30 Women Running The Food And Drink Industry


Make way

On season one of Chef's Table, Dan Barber, the mastermind behind the famous Blue Hill at Stone Barns, noted that we live in a time when chefs have become celebrities. Between shows like the aforementioned Chef's Table and Top Chef and food crazes brought on by creations like cronuts and sushi burritos, we are as familiar with names like Dominique Ansel and David Chang and Marcus Samuelsson as we are with those of celebrities that front our favorite magazines. And while I would willingly watch the now-thrice-mentioned Chef's Table (I may be a fan) over and over again until the next new season comes out, I cannot help but reflect on the fact that there are significantly fewer women chefs with the same degree of recognition or visibility. 

It's a not-so-little-known fact that the food and liquor industries are still dominated by men. It's doubtlessly due in part to the gender bias that continues to prevail in many kitchens that there are considerably fewer April Bloomfields and Nancy Silvertons (who, by the way, gave Barber his first job—which she also quickly fired him from for his then-lack of baking skills) that dominate our screens and delight us with their presence. With this in mind, we wanted to highlight 30 incredible women who are behind some of our favorite restaurants, bottled beverages, and pastries. Some are well-known, some have started food trends (hello, poke and kombucha), and some you need to put on your radar ASAP. We love them, and we think you will too. Ahead, their stories.

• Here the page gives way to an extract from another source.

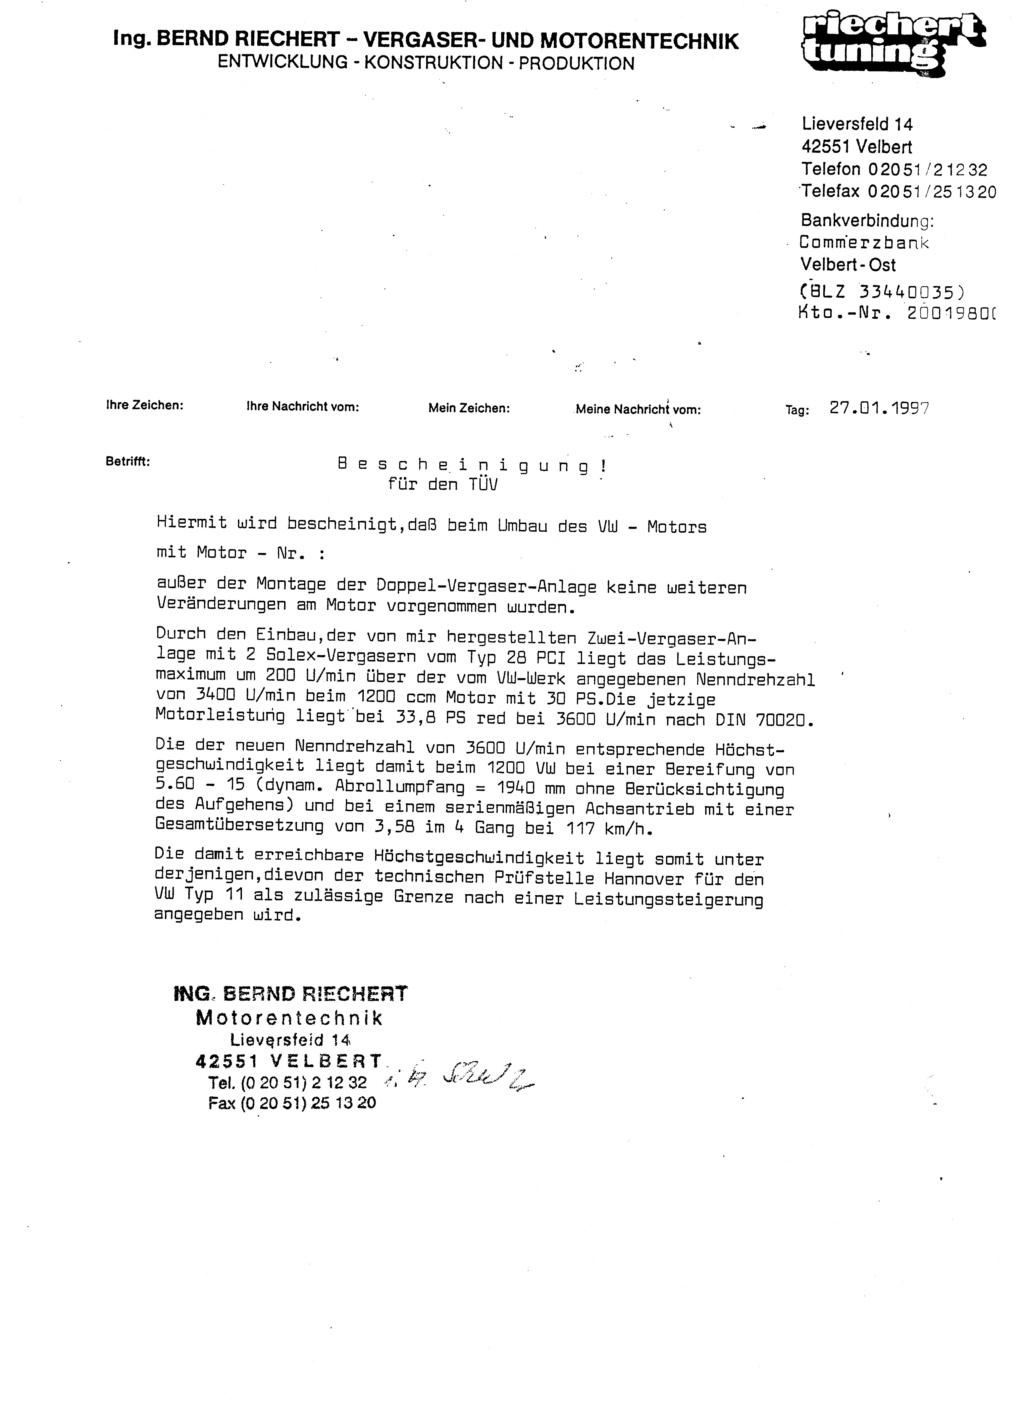 Documentation kit Riechert 00210

Laëtitia Rouabah, chef at Benoit
There are very few names more easily recognizable in the world of gastronomy than that of the legendary Alain Ducasse. As the "behind every successful man, there's a woman" saying goes, though, behind Ducasse's exquisite New York restaurant Benoit, there's Laëtitia Rouabah, the chef responsible for some of the most delicious and authentic French fare in the city. And while she could stop just at that already, and still be applauded for it, she continues to push the envelope of what it means to be a chef of her caliber, constantly switching up ingredients and playing with flavors in truly unique and unexpected ways.

How did you come up with the menu items for the restaurant? 
I draw inspiration from my years of experience with Alain Ducasse and then we rework dishes based on local ingredients and what’s in season. We adapt French dishes and techniques, so there’s more of a New York sensibility. 

What do you hope that guests can get out of visiting Benoit? 
I hope guests will be transported to Paris as soon as they walk in through the revolving doors. We put a lot of emotions in our cuisine, working with locally sourced produce and changing out menu daily, in the hopes of sharing an experience and making our guests happy.

What is your favorite part about working in the industry? 
The people you meet—chefs, restaurateurs, artisans, farmers, collaborators, etc.—sharing with passionate, talented people and learning from them every day. There are so many different personalities, cuisines, styles, aesthetics, cultures in New York that there’s always something new to discover. Also providing guests with an experience that leaves them feeling happy. 

What is your favorite ingredient to work with right now? 
I’ve been spending some time with Billy Durney from Hometown Bar-B-Que for a collaborative dinner series, Le Cochon & Co, we’ll be doing at Benoit in April, so I’ve been learning about working with fire and smoking ingredients, different animals and cuts of meat specifically. While it’s not an ingredient, it’s been an incredible experience learning from such a passionate man about this “American craft,” and we’ve been having a lot of fun with it. 

What would be your requested death row/last meal? 
Now that I’m in the USA, I guess I miss home, so it would have to be a Côte de Boeuf with peppercorn sauce and French lentils.